= Cristina Iannelli =

Cristina Iannelli, is an Italian educationalist and academic, specialising in large scale studies of social inequality and social mobility. Since 2014, she has been Professor of Education and Social Stratification at the Moray House School of Education, University of Education. After degrees from the University of Messina and the European University Institute, she joined Moray House in 1999 as a research fellow before becoming a lecturer in 2008.

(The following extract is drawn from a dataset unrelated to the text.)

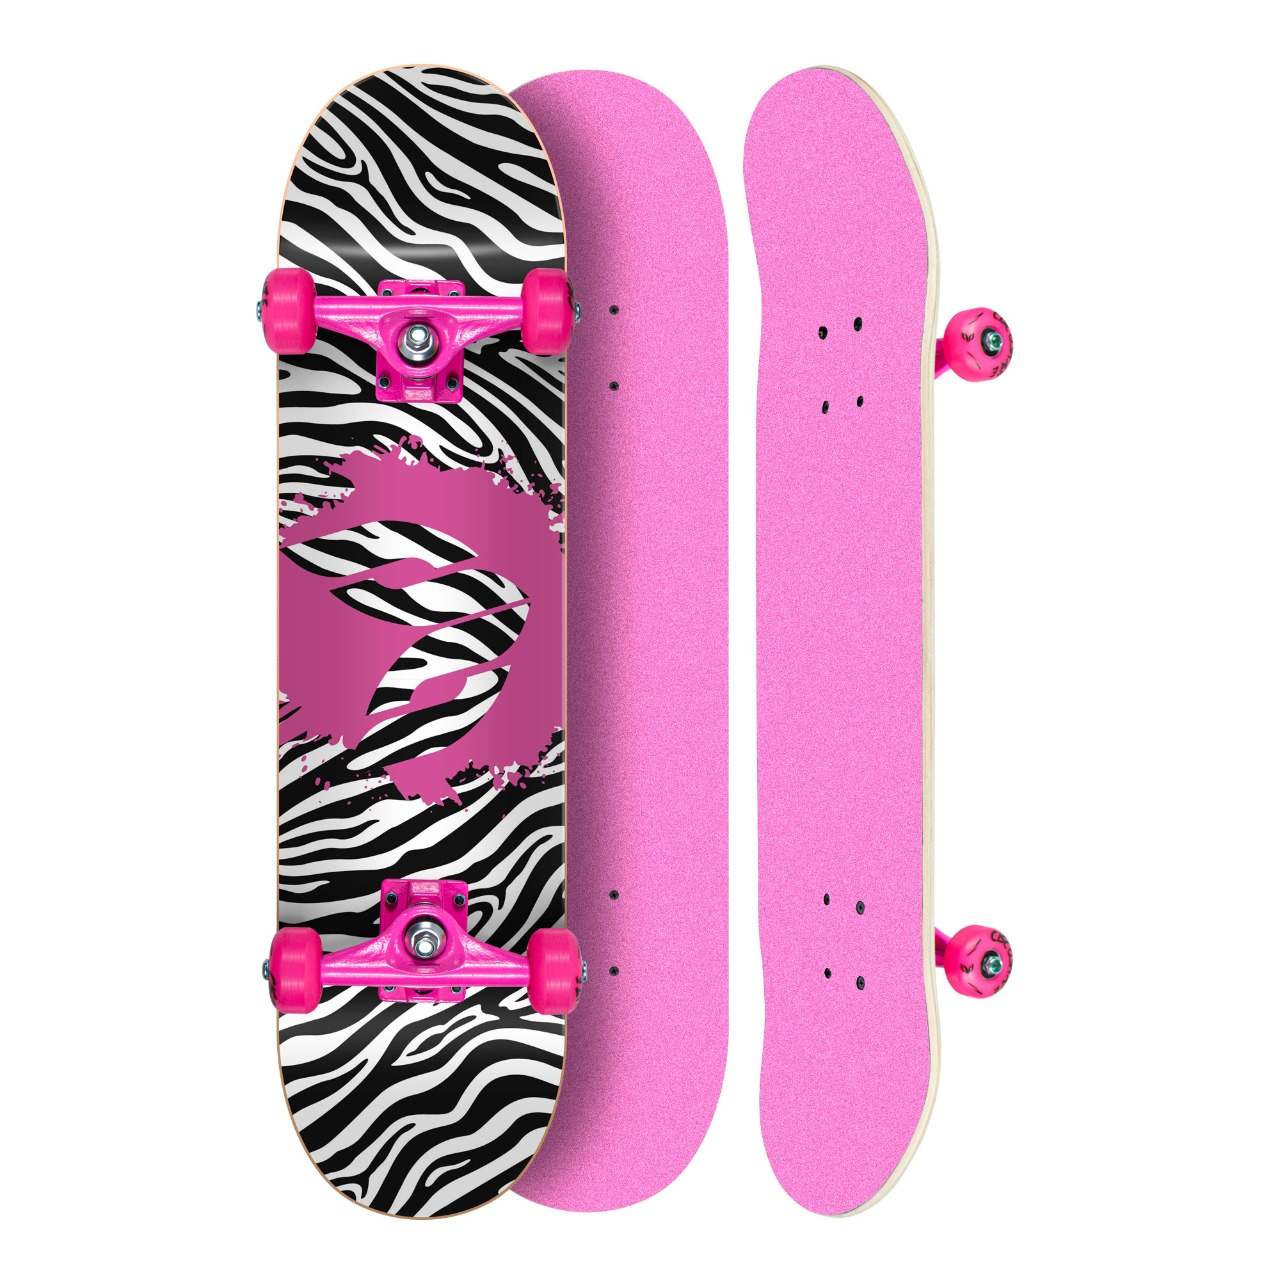 Skate Montado Profissional Cisco Feminino Lixa/Truck/Roda Rosa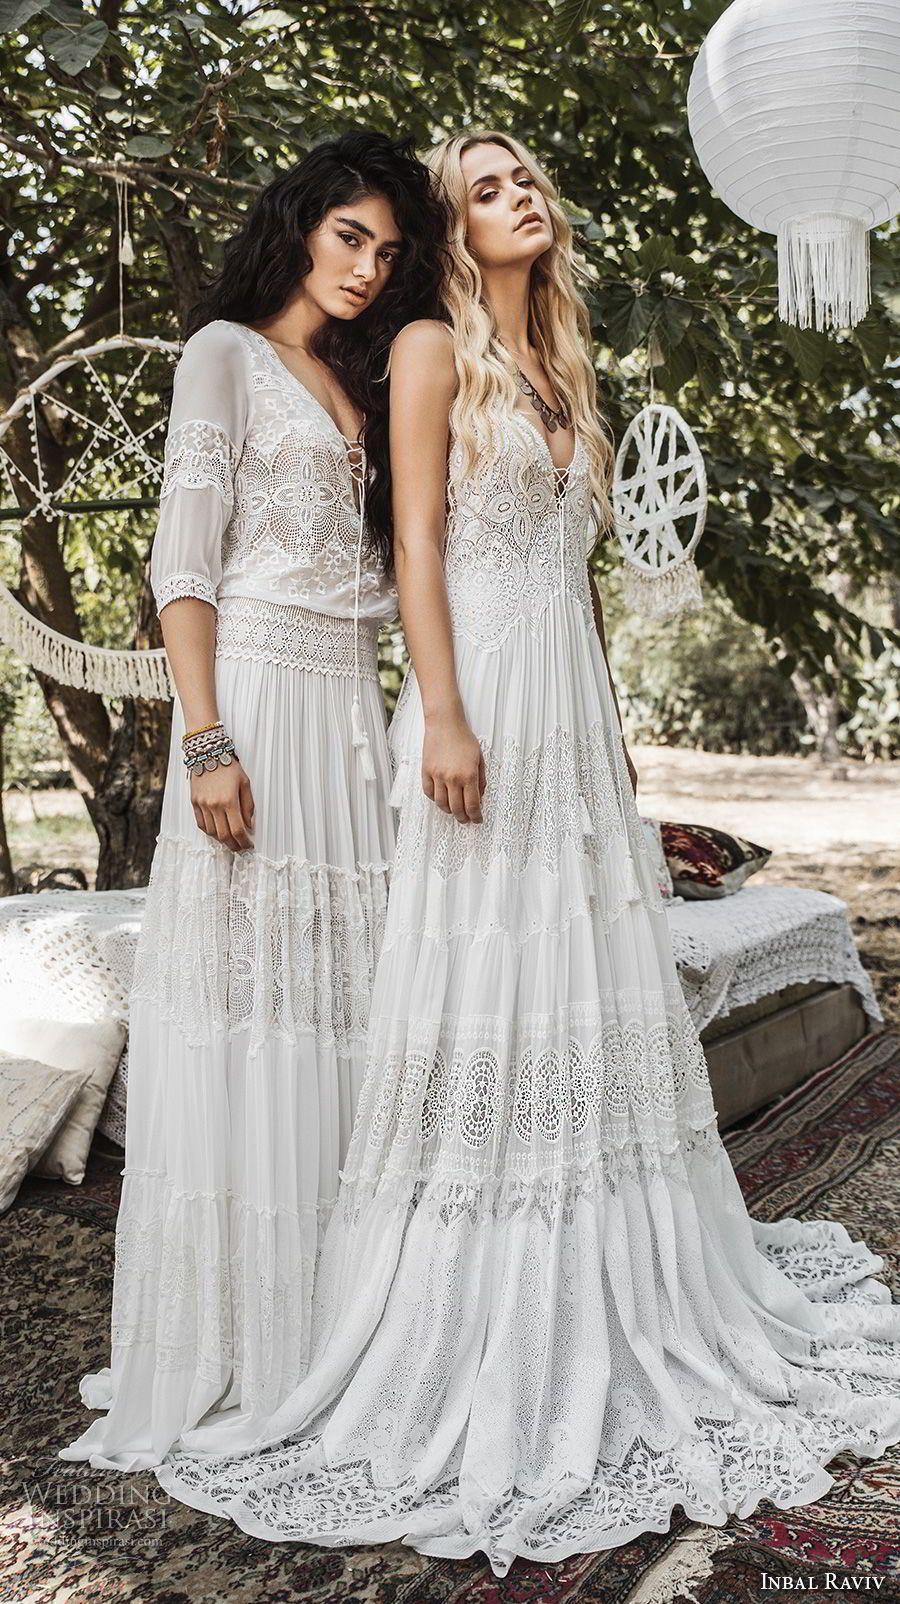 Inbal Raviv 2017 Wedding Dresses   wedding wishes   Pinterest ...

In July 2022, she was elected Fellow of the British Academy (FBA), the United Kingdom's national academy for the humanities and social sciences. She is also an elected Fellow of the Academy of Social Sciences (FAcSS).

==Selected works==

- Iannelli, C. (2006). "Vocational Upper-Secondary Education and the Transition from School"
- Paterson, Lindsay (2007). "Social Class and Educational Attainment: A Comparative Study of England, Wales, and Scotland"
- Iannelli, Cristina (2007). "Inequalities in Entry to Higher Education: a Comparison Over Time between Scotland and England and Wales"
- Iannelli, Cristina (2008). "Mapping gender and social background differences in education and youth transitions across Europe"
- Iannelli, Cristina (2013). "The role of the school curriculum in social mobility"
- Iannelli, Cristina (2014). "Trends in participation and attainment of Chinese students in UK higher education"
- Iannelli, Cristina (2016). "Curriculum differentiation and social inequality in higher education entry in Scotland and Ireland"
- Iannelli, Cristina (2018). "Inequalities in school leavers’ labour market outcomes: do school subject choices matter?"